LISTENING to both President Robert Mugabe’s State of the Nation Address (SONA) and Finance and Economic Development Minister Patrick Chinamasa’s 2017 National Budget presentation last week, many were left wondering what to make of the two.

The SONA, presented two days ahead of the budget, was perhaps meant to inform and set the tone for Chinamasa.

Addressing a joint sitting of Parliament, President Mugabe delivered a speech full of hope and pregnant with optimism, never mind a swarm of critics that dismissed it as a fantasy divorced from reality.

Forty eight hours later, Chinamasa strode into the same august House and, in the presence of his superiors; he presented a gloomy economic outlook full of chilling suggestions such as further taxation on airtime vouchers.

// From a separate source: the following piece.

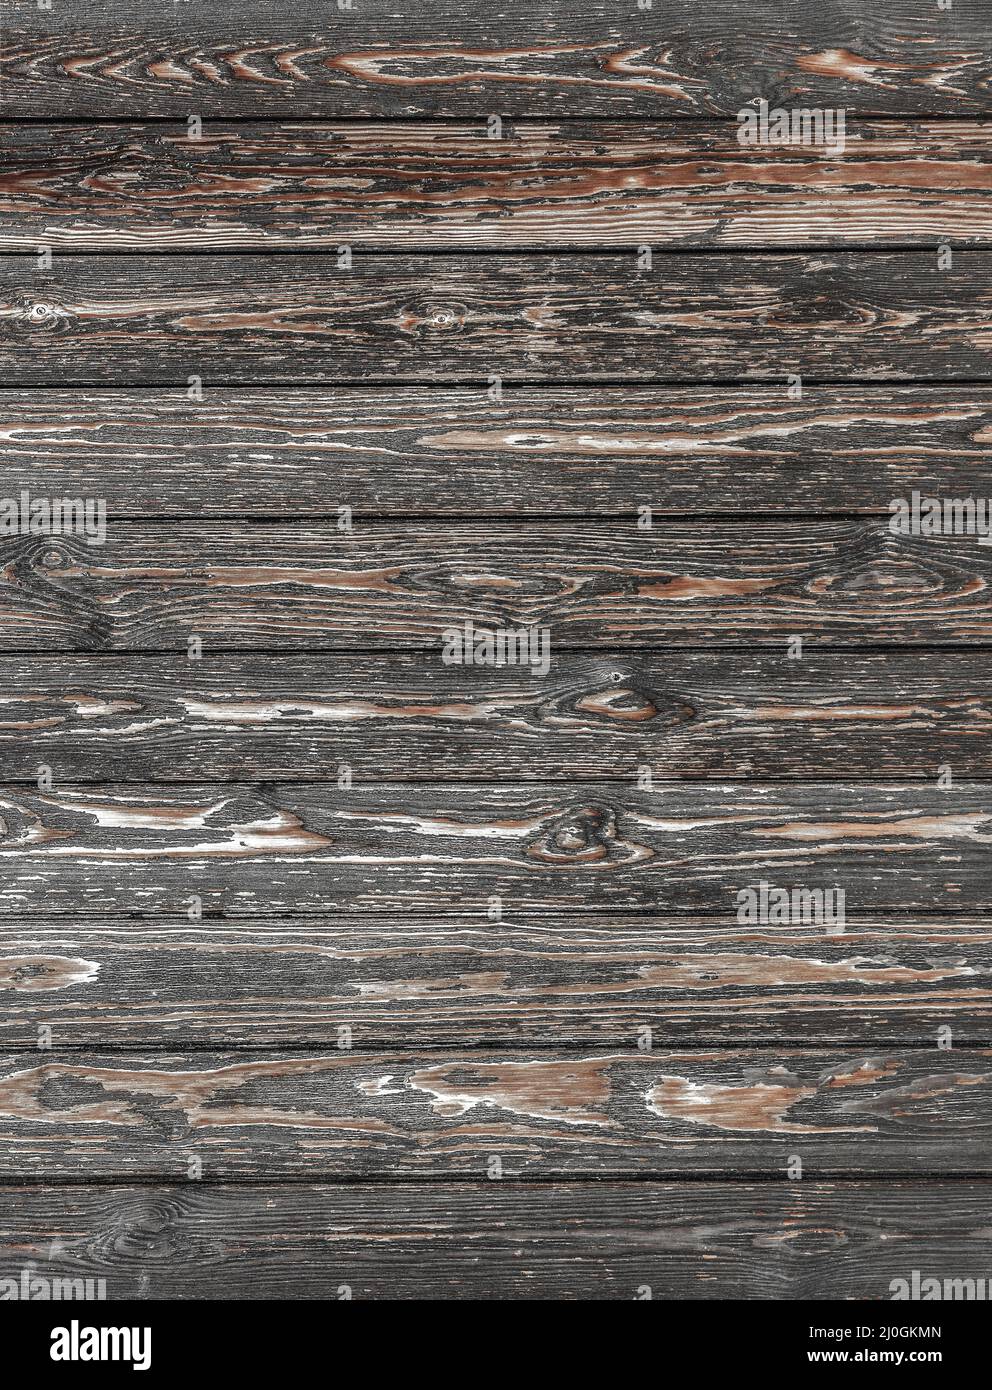 Wooden background Stock Photo

The tax was veiled as a health levy.

Where his superior predicted an economic boom, Chinamasa revised downwards the economic growth for 2017 to a 1,7 percent from the 2016 projection of 2,7 percent.

While SONA did not address the contentious issue of civil servants salaries and bonuses, Chinamasa cleverly put it across by simply stating that government was running on unsustainable expenditure, with the wage bill now rising to 95 percent of revenue.

He left it like that, knowing how President Mugabe has on two occasions overruled his decision to stop bonus payments and slash salaries by a good margin of 20 percent.

Not that Chinamasa had the most brilliant budget; far from it.

It was probably more off-putting than SONA, which was good fodder for government critics following its presentation.

The criticisms that SONA received probably summed up Zimbabweans’ general impression towards their leadership — uninspiring.

And, as expected, the usual suspects coming in the form of disappointed political analysts, political opponents and social commentators, dug into the speech in the same manner that hungry vultures dismantle a large carcass.

Although SONA was not a wholesome disaster because it addressed a number of important issues such as improving the ease of doing business, sourcing and distribution of farming inputs and measures to curb gender based violence, critics still found more than enough reason to trash it.

The reactions were wide and diverse, but all collapsing into one common denominator: That SONA was far removed from the actual state that the nation is currently in.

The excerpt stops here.